In the first part of the present study, we used similarity searches directed towards whole proteins and conserved domains to identify novel members of two prototype cell-cycle families, the NIMA-related kinases and the cyclins. Focusing on one family at a time allowed us to evaluate each assignment on a case by case basis. This approach requires good knowledge of each family in question and the level of homology within the given family. Requiring an in-depth knowledge of each family does not make this approach amenable to a global screen.
In the second part of this study we applied a BLASTP-based approach using a single threshold for all hits. Two sources of cell cycle-related bait sequences were collected to screen the RIKEN variable protein set (VPS). The first set of bait sequences (Bait1) was obtained by downloading sequences corresponding to all the genes assigned cell-cycle roles within the AMIGO gene ontology browser (http://www.godatabase.org/cgi-bin/go.cgi).
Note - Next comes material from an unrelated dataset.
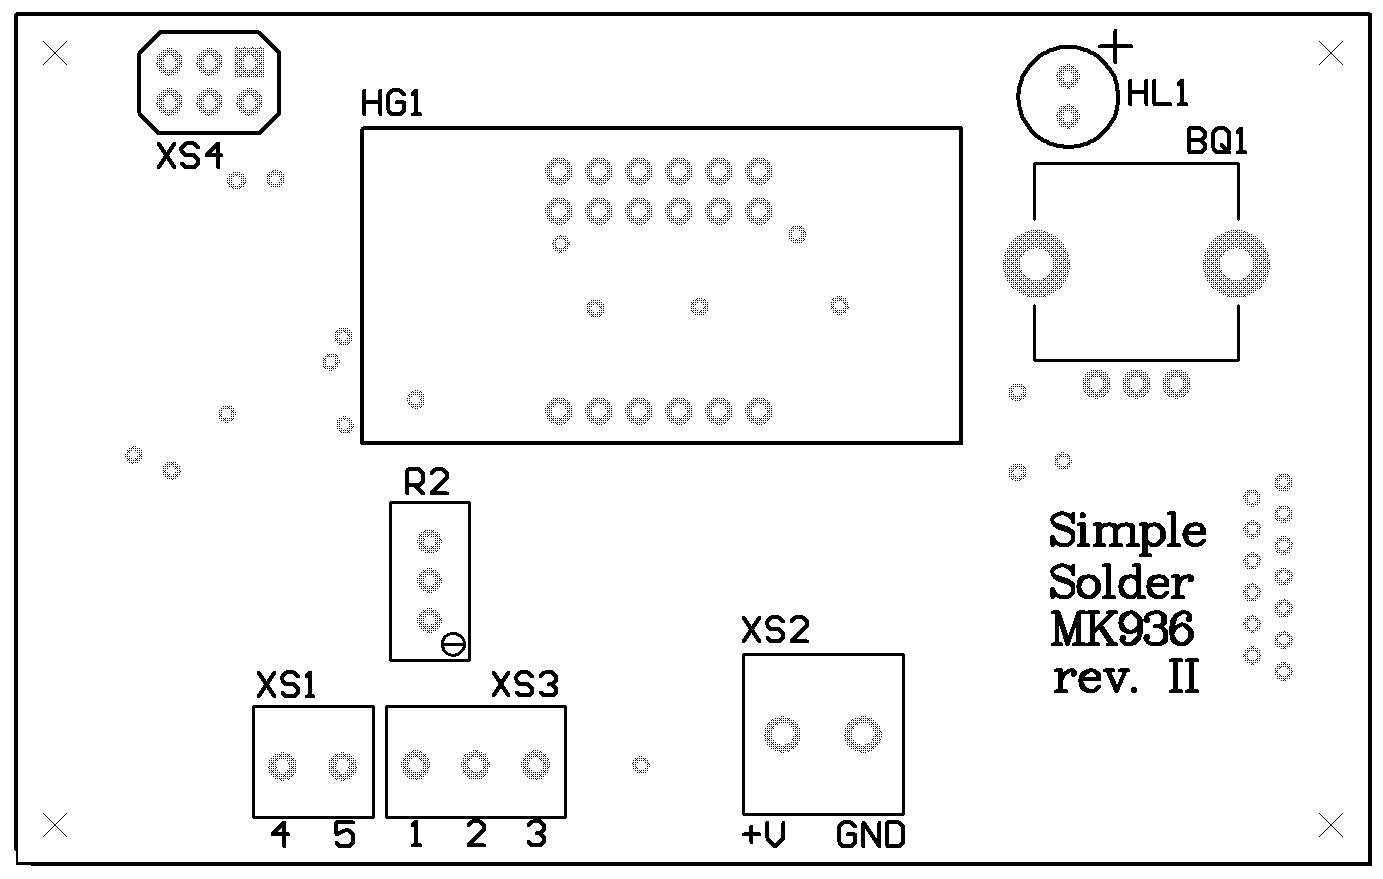 Simple Solder MK936 SMD. Паяльная станция на SMD-компонентах своими руками - 5

The second set of bait sequences (Bait2) was obtained by using a keyword search for cell cycle-related terms within the high-quality nonredundant protein sequence databases SWALL and the International Protein Index (IPI; EBI; http://srs.ebi.ac.uk). The results from both BLASTP searches are presented and compared to the assignments made by the Mouse Genome Informatics (MGI) group for the RPS sequences (Okazaki et al. 2002).
RESULTS AND DISCUSSION
NIMA-Related Kinases (NEKs)
NIMA-related kinases (NEKs) are defined by the prototype mitotic regulator NIMA (never in mitosis A), a protein kinase identified in Aspergillus nidulans. This kinase was identified by its ability to complement the nimA5 temperature-sensitive mutation that causes cells to block in late G2 (Osmani et al. 1987). A number of mammalian homologs have been identified; however, only three have been shown to have cell-cycle roles (Nek2, Ha Kim et al. 2002; Nek9, Roig et al. 2002; Nek11, Noguchi et al. 2002).
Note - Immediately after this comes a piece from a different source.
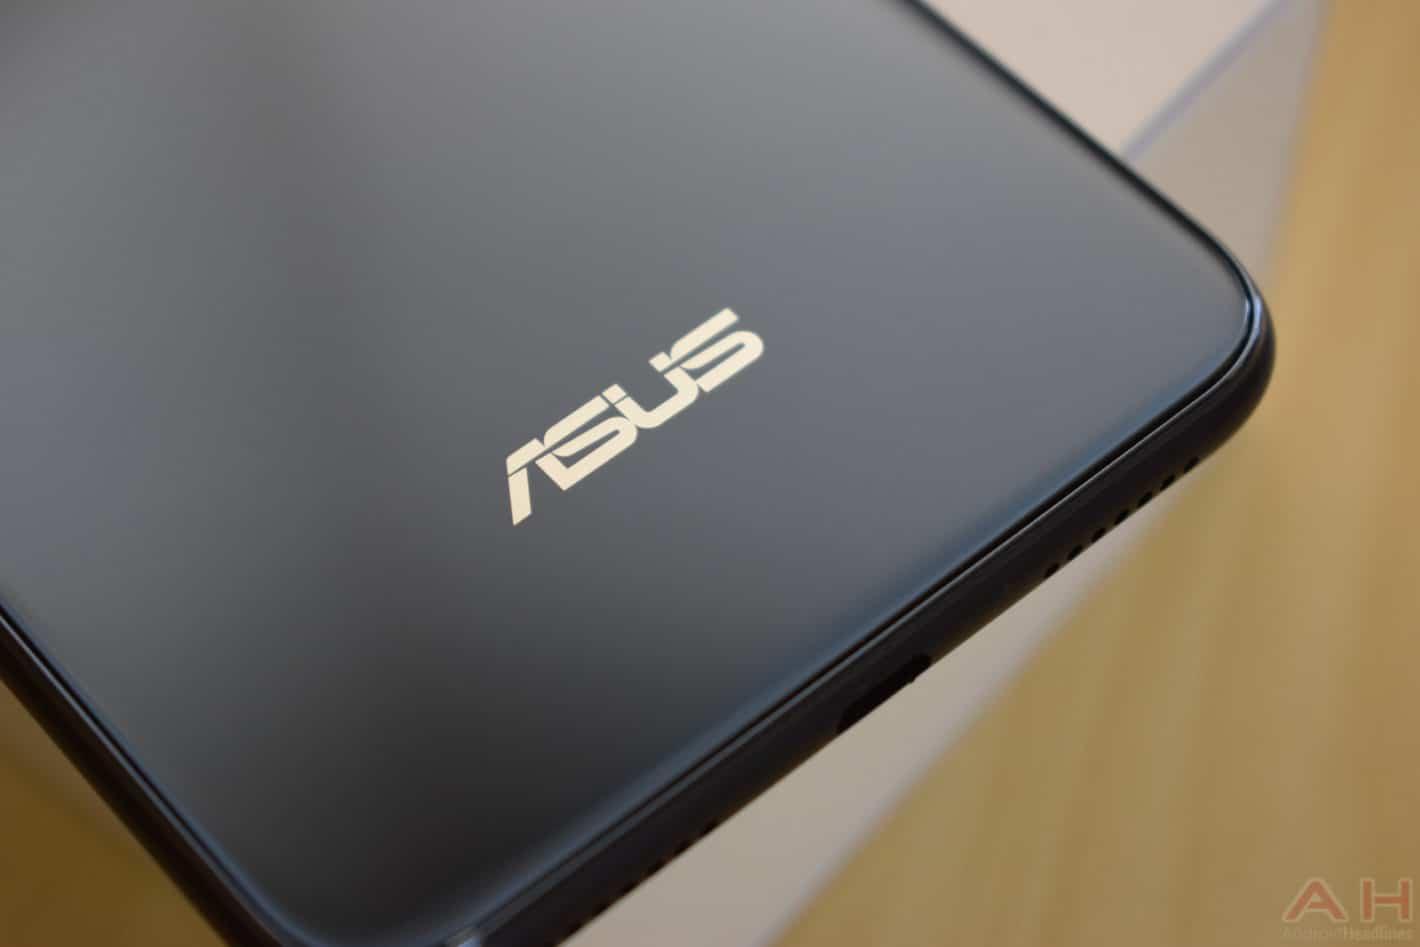 ASUS ZenFone 5Q AM AH 7

Using the sequence retrieval system SRS6 (Etzold and Argos 1993; http://srs.ebi.ac.uk), we used keyword searches to extract all publicly available NIMA-related kinase sequences, and then we used these as bait sequences to blast against the RIKEN VPS. All sequences with significant hits were examined manually and mapped to the mouse genome.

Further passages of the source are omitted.